Vladimir Tsarkov , L'Arlequin Rouge (1986)Vladimir Tsarkov , L'Arlequin Rouge (1986)Il momento della rivelazione internazionale arrivò nel 1986, al Festival Mondial du Cirque de Demain a Parigi. Mi trovai davanti un giocoliere di nome Vladimir Tsarkov, truccato come L'Arlecchino Rosso  di Picasso. Un’epifania dalla perfezione estetica rara per la pista, degna del cinema o del balletto classico. La giocoleria era di livello eccezionale.  Ma Gneushev aveva fatto qualcosa di molto più radicale — aveva ricostruito ogni movimento di Tsarkov ricorrendo all’influenza dell’emergente breakdance (da lui assimilata alla scomposizione picassiana) in una partitura coreografica con una propria logica interiore, un proprio immaginario, un arco emotivo. La giocoleria era il mezzo; l'arte era il risultato. Tsarkov vinse la Medaglia d'Oro. Eravamo tra il pubblico (c’erano anche gli allora sconosciuti pionieri del Soleil), e capimmo che qualcosa era cambiato: lo capirono anche a Mosca. Prima del festival, la commissione sovietica si era rifiutata di inviare quel numero a Parigi. Ma il voto positivo di un solo e influente membro ne aveva cambiato il destino: era il più anziano ma il più moderno, l’ottuagenario clown Yuri Nikulin, leggenda vivente dell’arte russa.

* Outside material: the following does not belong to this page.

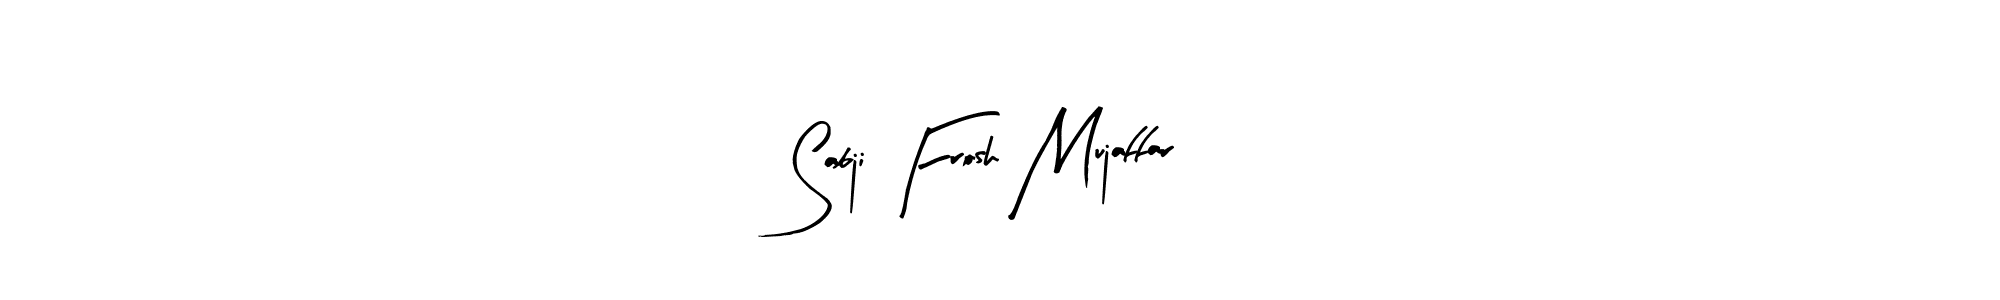 How to Draw Sabji Frosh Mujaffar signature style? Arty Signature is a latest design signature styles for name Sabji Frosh Mujaffar. Sabji Frosh Mujaffar signature style 8 images and pictures png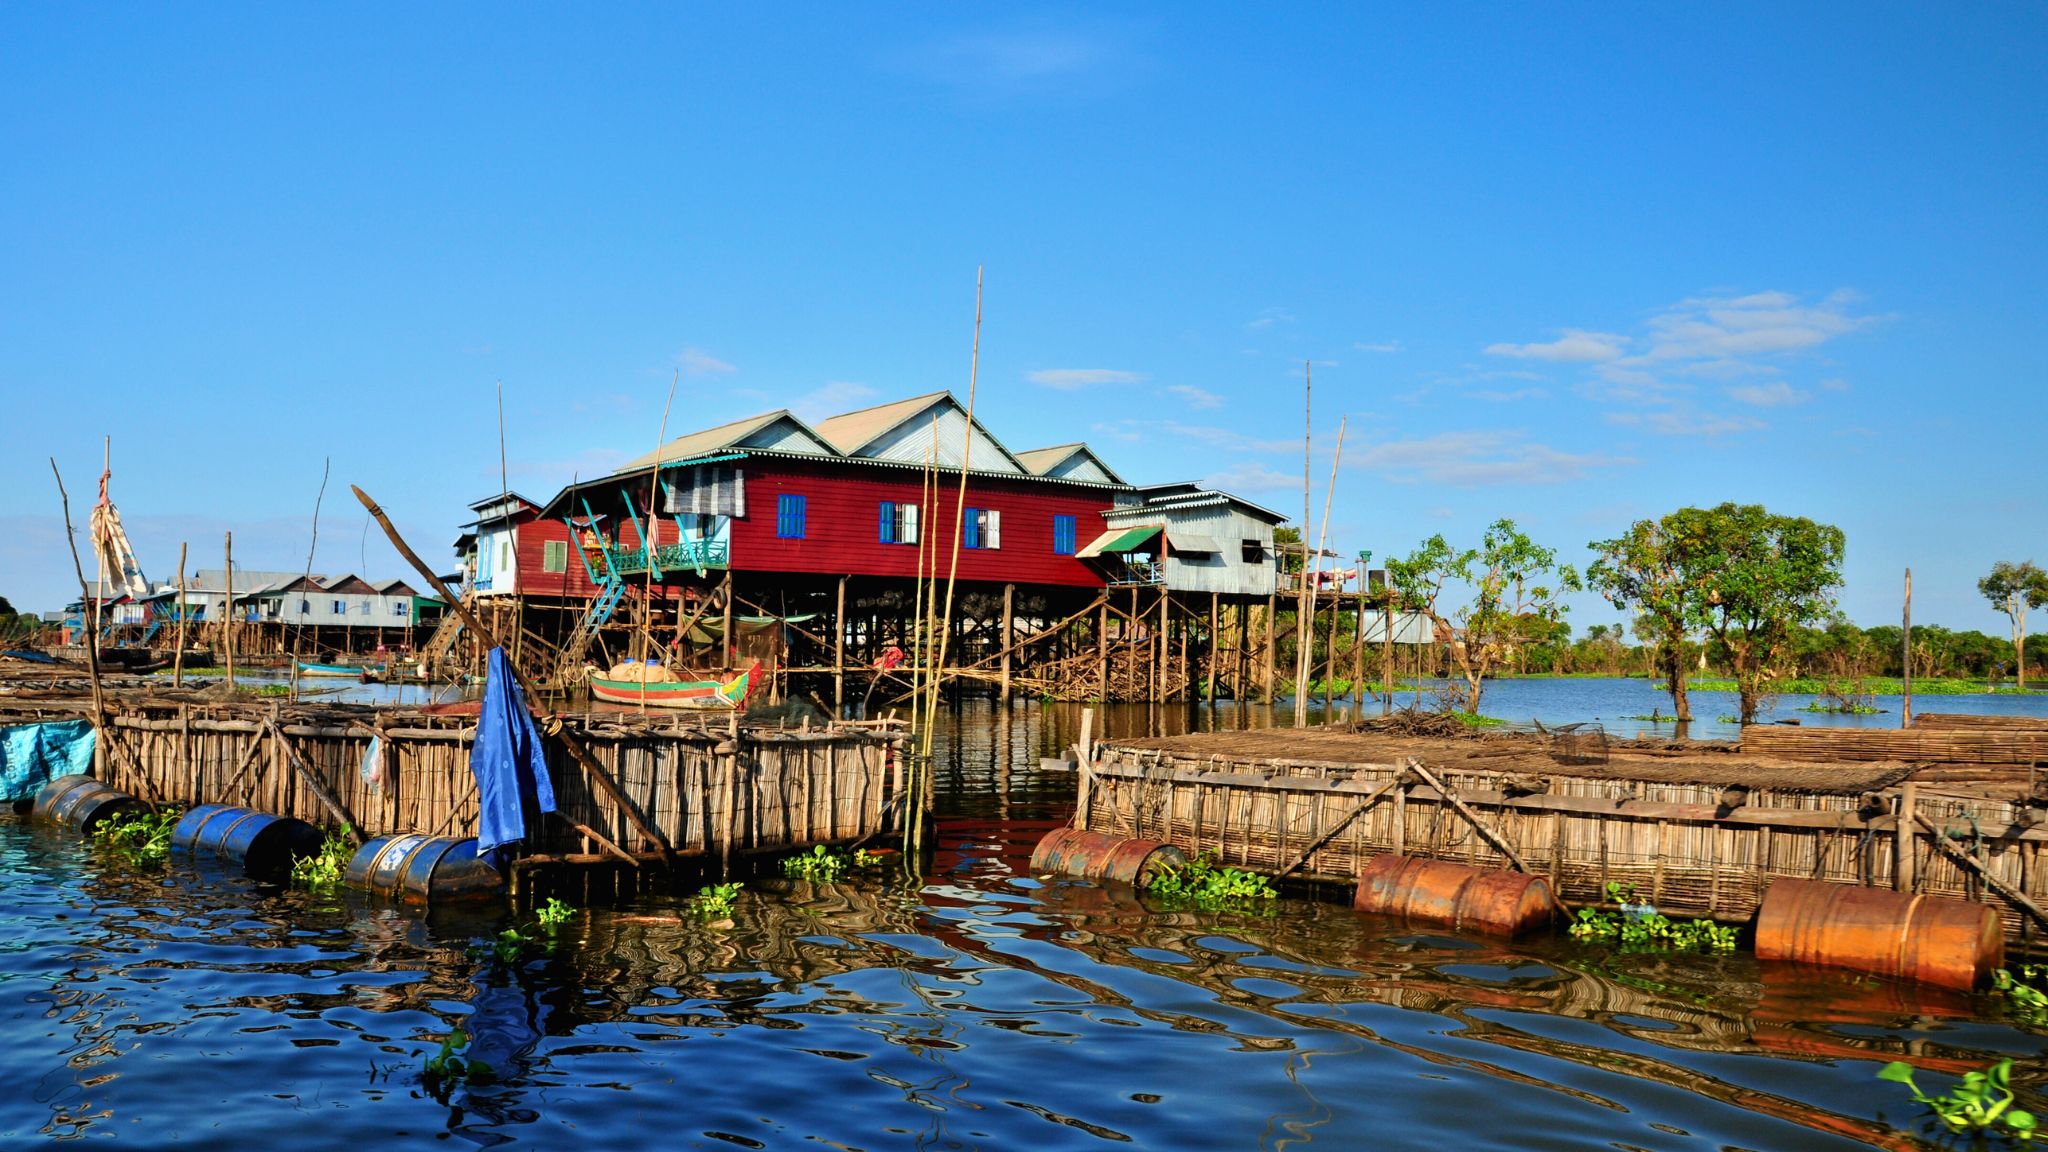 Day 1 Tonle Sap Lake Is Southeast Asia's Largest Lake

Da quel momento, ogni Gennaio a Parigi, andavamo al Cirque de Demain aspettando le nuove creazioni di Gneushev come si aspetta il romanzo di uno scrittore che si ama — con la speranza che la magia tenesse ancora. Teneva quasi sempre. E Dominique Mauclair, lo spirito tutelare del festival, difendeva quei numeri in giuria con la tenacia limpida di chi ha riconosciuto un profeta, incurante del fastidio che questo causava a chi si aspettasse qualcosa di più rassicurante.

 

Una galleria di capolavori umani

Gli anni tra il 1987 e il 1997 furono un'esplosione creativa senza precedenti.  Le richieste di numeri arrivano da tutto il mondo. I dirigenti furono costretti a riconoscere il  successo, e nel 1988 istituirono per Valentin il primo studio di creazione d’avanguardia del circo sovietico. Il numero di piramide su sedie di Vassily Demenchuk diventa una pantomima poetica sul crescendo di una partitura di Nino Rota. Nel 1989 il numero di cinghie aeree di Vladimir Kekhaial, un ex-minatore trasformato in Ercole volante dalla criniera al vento — diventa l'immagine che influenza  la nascita dei numeri di cinghie in tutto il mondo. Quello stesso anno Valentin reinventò il numero di Nikolai Pavlenko: diciassette tigri, il domatore riconfigurato come direttore d'orchestra in frac e bacchetta, su musica classica, via le fruste. Un vero balletto tra felini e il loro interlocutore umano, che vinse il Clown d'Oro a Monte Carlo nel 1990.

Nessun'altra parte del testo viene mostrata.